Closed Bug 1898884 Opened 9 months ago Closed 9 months ago

Firefox seems to be stuck in some sort of migration when security.nocertdb is true, causing certain parts of the browser UI to malfunction (first time starting 127; workaround: restart 127)

Categories

(Firefox :: General, defect)

Firefox 127
Desktop
Unspecified
defect

Tracking

()

VERIFIED FIXED
128 Branch
Tracking Status
firefox-esr115 --- unaffected
firefox126 --- unaffected
firefox127 + wontfix
firefox128 --- verified

People

(Reporter: aoia7rz7l, Assigned: ssachdev)

References

Details

(Keywords: regression)

Attachments

(1 file)

Tested in 127.0beta on both Windows 10 and Linux.

Prerequisites:

  1. security.nocertdb is set to true.
  2. browser.migration.version is below 145. (e.g. it is 144 in 126.0b9)

STR:

Start Firefox (in a new profile if you want).

Expected Behavior:

Nothing remarkable. browser.migration.version is set to 145 (it is when using a vanilla 127.0beta profile).

Actual Behavior:

Certain parts of the UI seems to be completely broken. These include

  1. FxA-related menu items showing up in AppMenu and Firefox View when identity.fxaccounts.enabled is set to false.
  2. Firefox Home is completely blank and the entire Firefox Home Content section in about:preferences#home disappeared.
  3. Firefox Suggest-related options in Address Bar — Firefox Suggest disappeared and that section is now titled Address Bar.
  4. Unable to close Firefox when closing the last tab.
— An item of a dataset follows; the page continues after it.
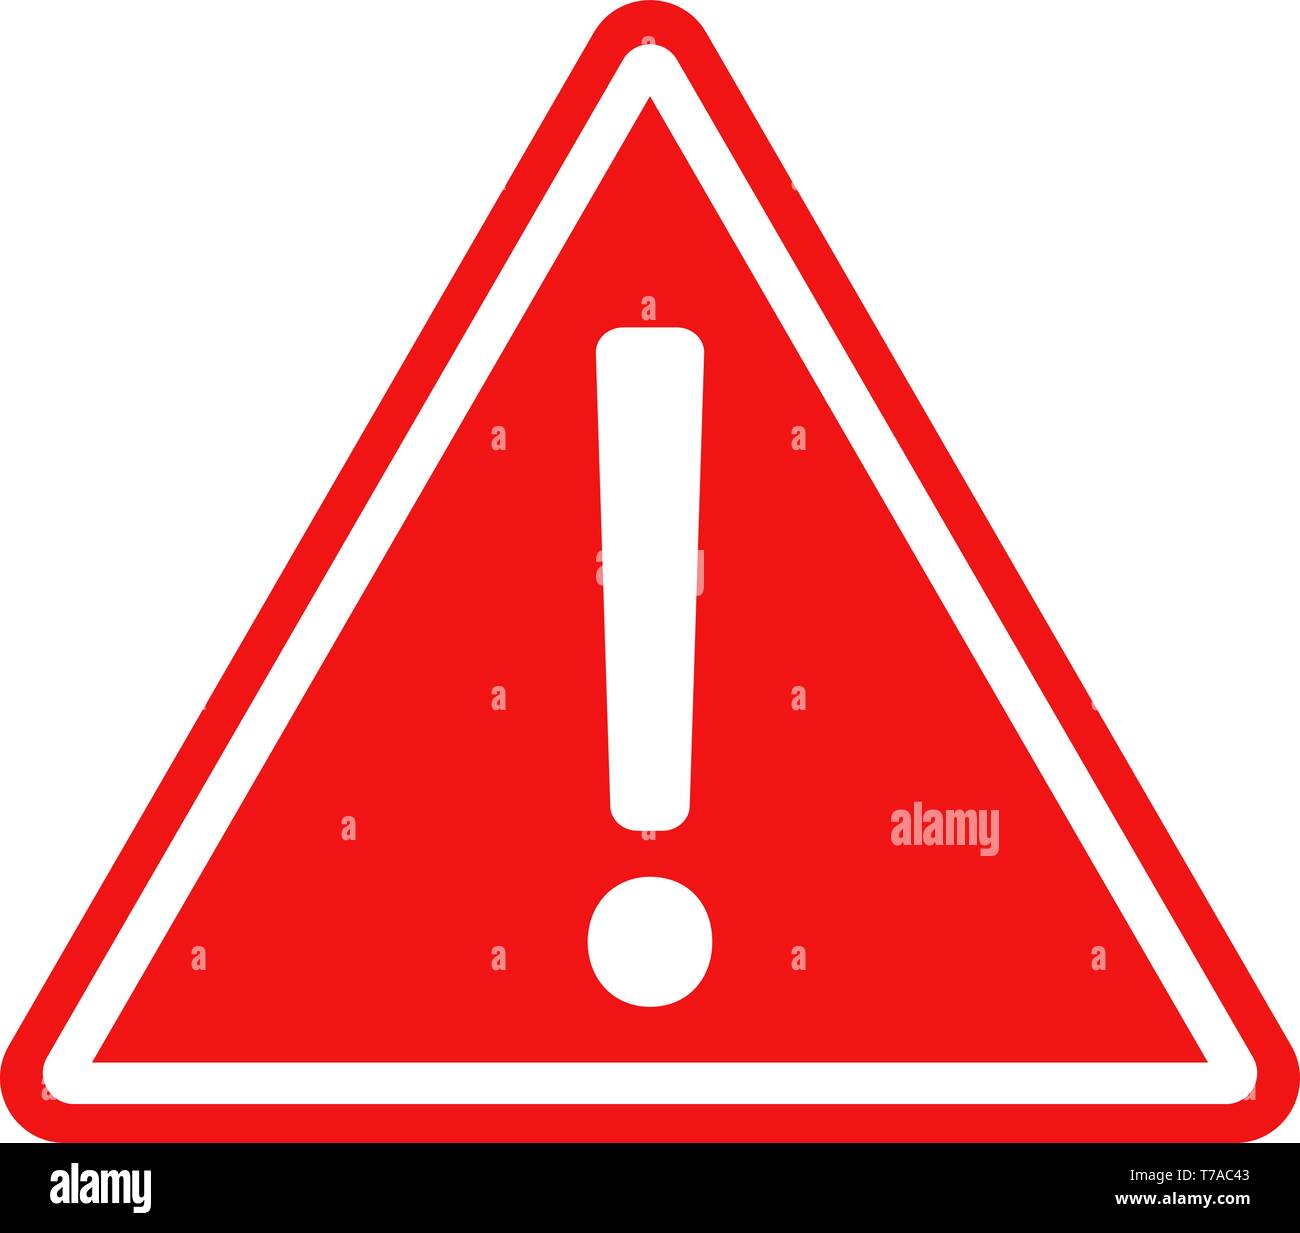 Red warning sign with white exclamation mark icon vector illustration Stock Vector

I had to do so via Quit in the AppMenu or the close button in the top right corner.
  5. Context menu when right-clicking the tab bar is malformed, showing duplicate options such as Duplicate Tab and Duplicate Tabs and other irrelevant ones like Hide Toolbars and Exit Full Screen Mode.
  6. Clicking OK on the first-time confirmation dialog for browser.tabs.haveShownCloseAllDuplicateTabsWarning does nothing.
  7. Enabling and disabling browser.taskbar.lists.enabled have no effect on Firefox's Windows Jumplist.
  8. All fields in about:support are empty.

browser.migration.version is stuck, for example, at 144, if you were upgrading from 126.0b9.

Workaround 1:

Set browser.migration.version to 145 and restart Firefox.

Workaround 2:

Set security.nocertdb to false and restart Firefox. Once browser.migration.version is automatically raised to 145 I can set it back to true without any problem.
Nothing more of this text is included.